In November 2025, an agreement was approved by Conejo Valley Unified School District Trustees for our use of the former CVUSD Central Kitchen at the Park Oaks campus where Bridges Charter School is currently located.
In mid-December 2025, the CVUSD Child Nutrition Central Kitchen relocated to the former Triggs building, adjacent to Conejo Academy on Los Feliz, and we received the keys to the Park Oaks facility.
In mid-December 2025 the Sustainability Division of the City of Thousand Oaks solicited proposals from food recovery organizations and services based in the City of Thousand Oaks for establishment of a food recovery hub.
The primary goal of the hub is to ensure that Thousand Oaks food recovery organizations have increased capacity to safely accept surplus food donations from Thousand Oaks Tier 1 and Tier 2 commercial edible food generators.
In January 2026, Adelante submitted our food recovery hub proposal.
On March 10, 2026, the Thousand Oaks City Council voted to award CalRecycle grant funds to Adelante Comunidad Conejo.

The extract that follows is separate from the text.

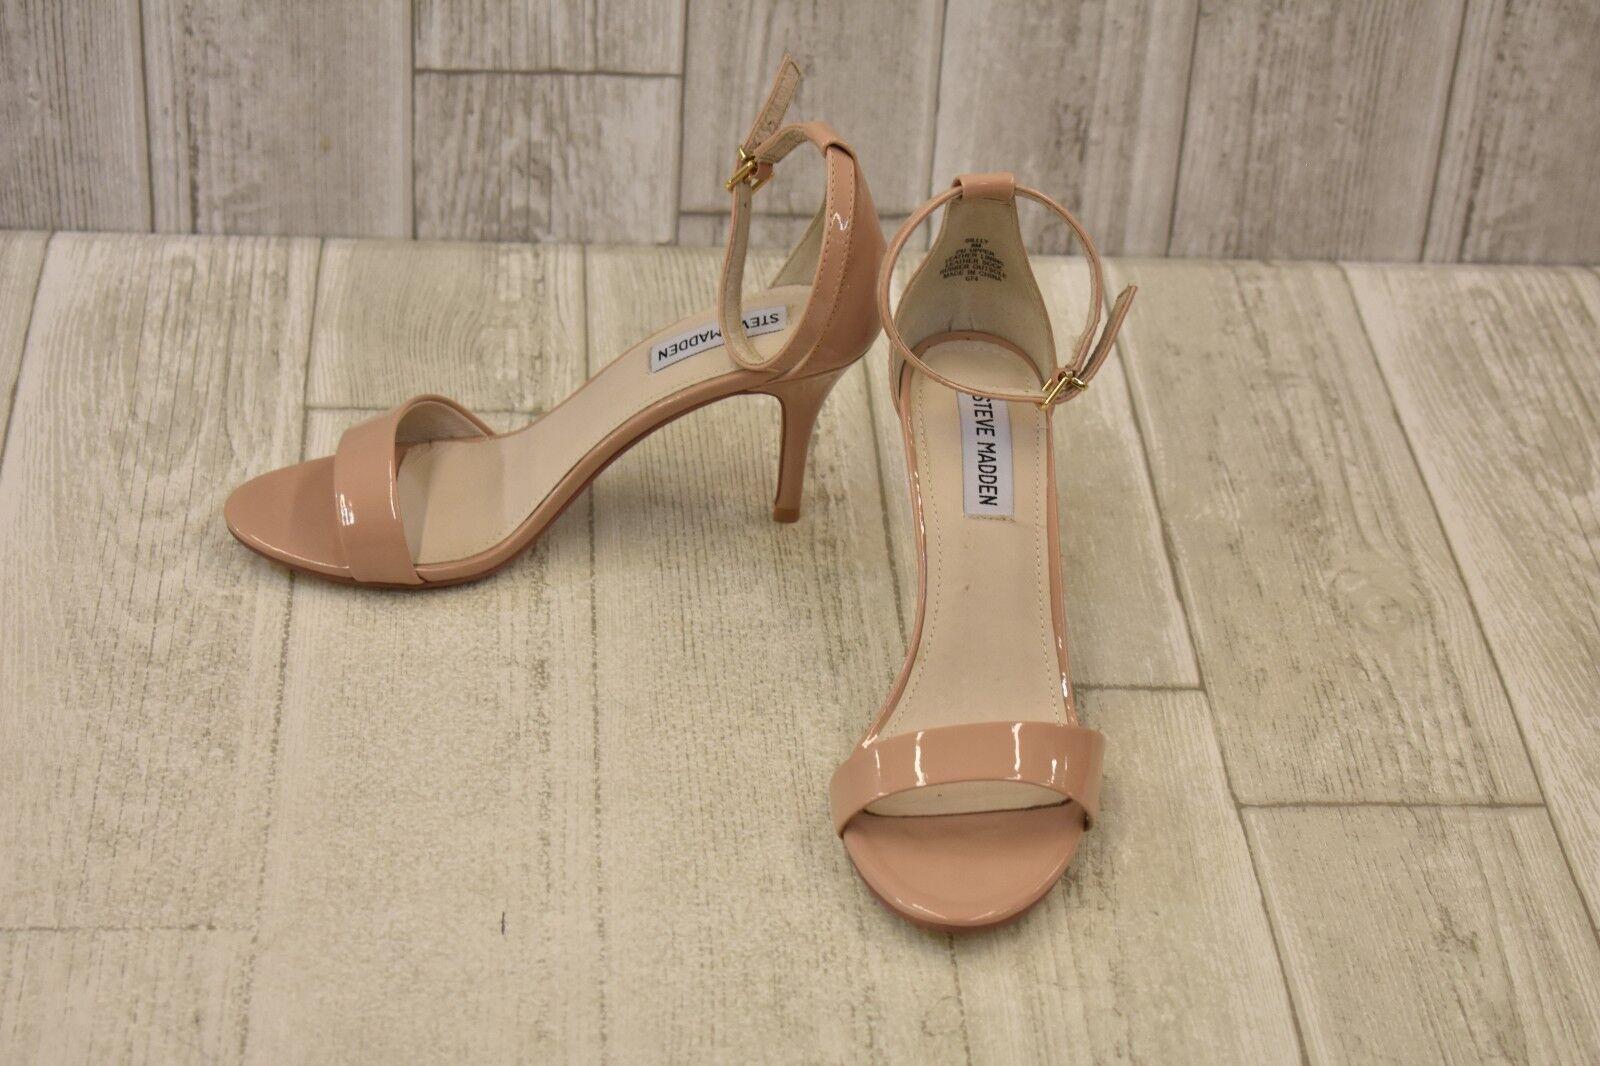 Steve Madden Exclusive - Sillly Sandal, Women's Size 8 M, bluesh

These funds are designated for the creation of a Community Food Recovery Hub intended to expand food recovery in the City in compliance with SB 1383. The MOU is available for review here.

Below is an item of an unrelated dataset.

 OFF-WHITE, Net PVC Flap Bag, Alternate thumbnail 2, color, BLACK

How can the grant funds be used?
The CalRecycle - City of Thousand Oaks - Adelante Comunidad Conejo - grant of $325,000 must be used to expand capacity for food recovery from Tier 1 (large grocery stores) and Tier 2 (large restaurants and food services) in the City of Thousand Oaks. The grant stipulates that the expansion include shared-use vehicles and food safe storage for eligible Thousand Oaks Food Recovery Organizations, non-profit food pantries, and community support organizations.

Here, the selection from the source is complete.